— Data listing —

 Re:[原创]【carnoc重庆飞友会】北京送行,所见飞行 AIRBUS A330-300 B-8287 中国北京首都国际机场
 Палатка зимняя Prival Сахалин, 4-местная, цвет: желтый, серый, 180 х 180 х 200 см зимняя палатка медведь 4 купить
==
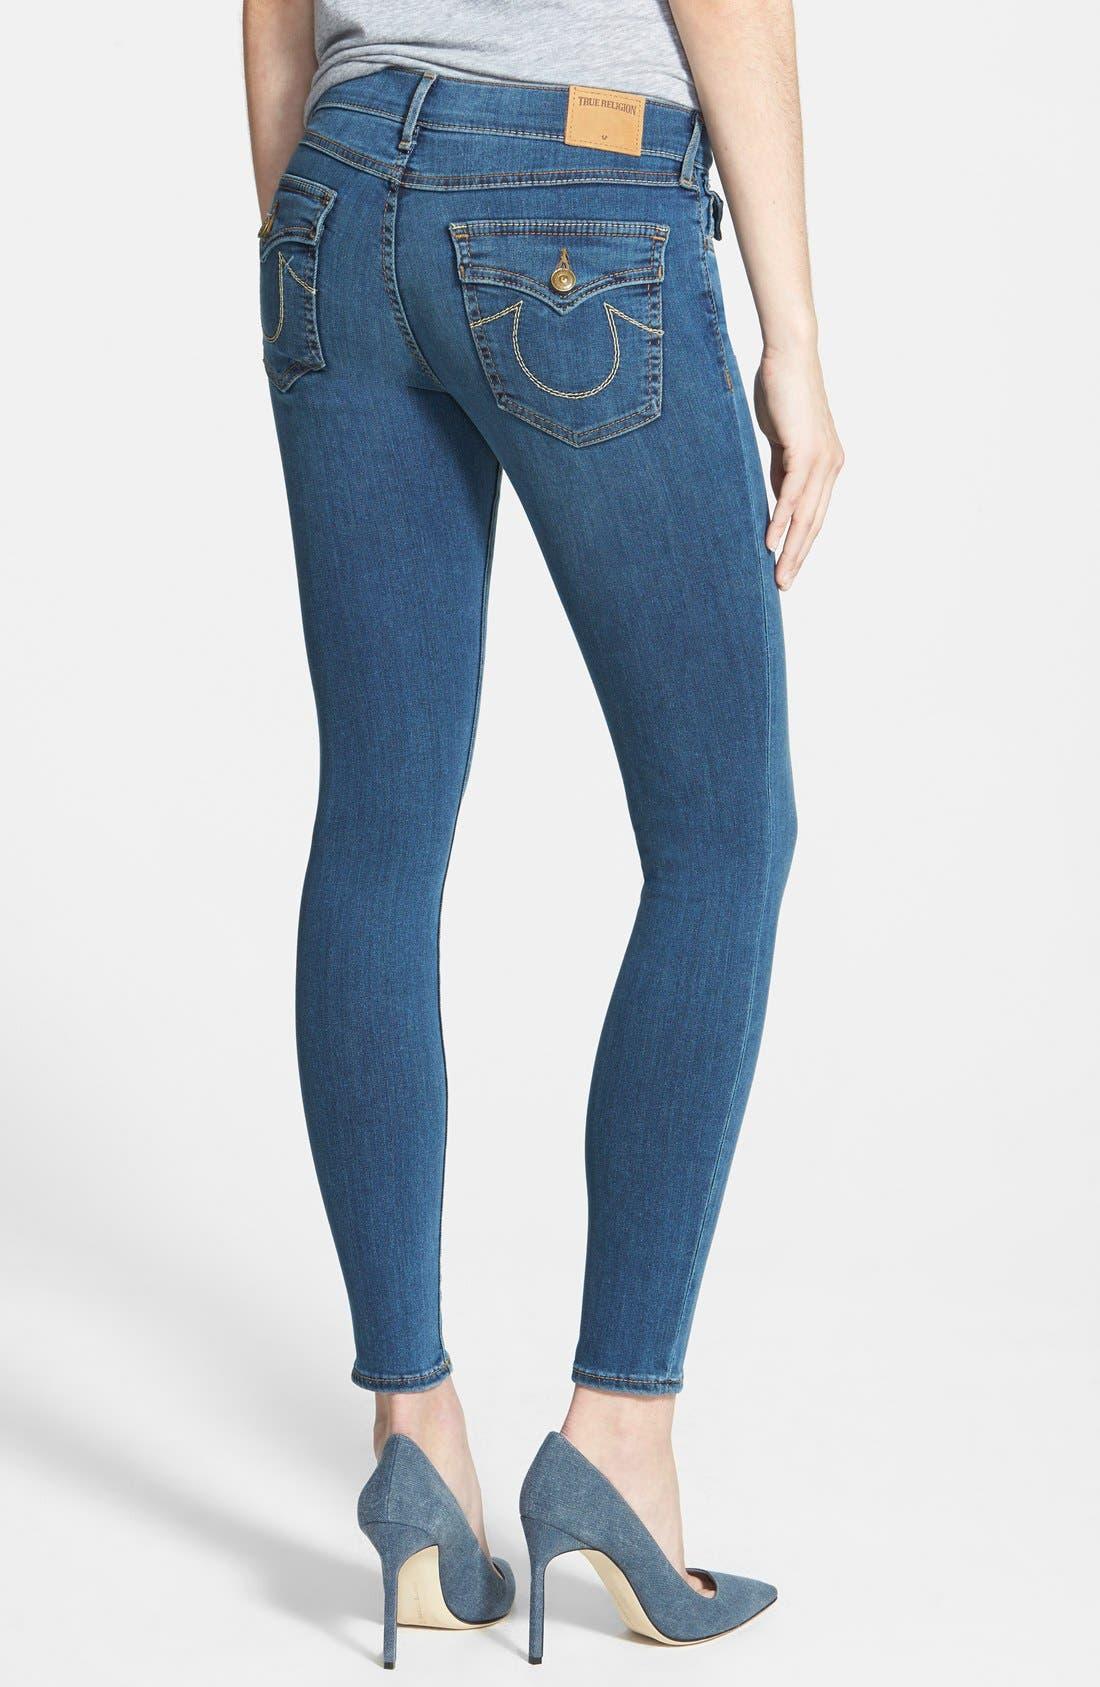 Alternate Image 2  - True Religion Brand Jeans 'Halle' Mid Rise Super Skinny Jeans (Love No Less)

— Exercise description —
Give again exactly, and only, the lines above starting at the one with "Re:[原创]【carnoc重庆飞友会】北京送行,所见飞行 AIRBUS A330-300" and ending at the one with "Палатка зимняя Prival".

— Problem solution —
 Re:[原创]【carnoc重庆飞友会】北京送行,所见飞行 AIRBUS A330-300 B-8287 中国北京首都国际机场
 Палатка зимняя Prival Сахалин, 4-местная, цвет: желтый, серый, 180 х 180 х 200 см зимняя палатка медведь 4 купить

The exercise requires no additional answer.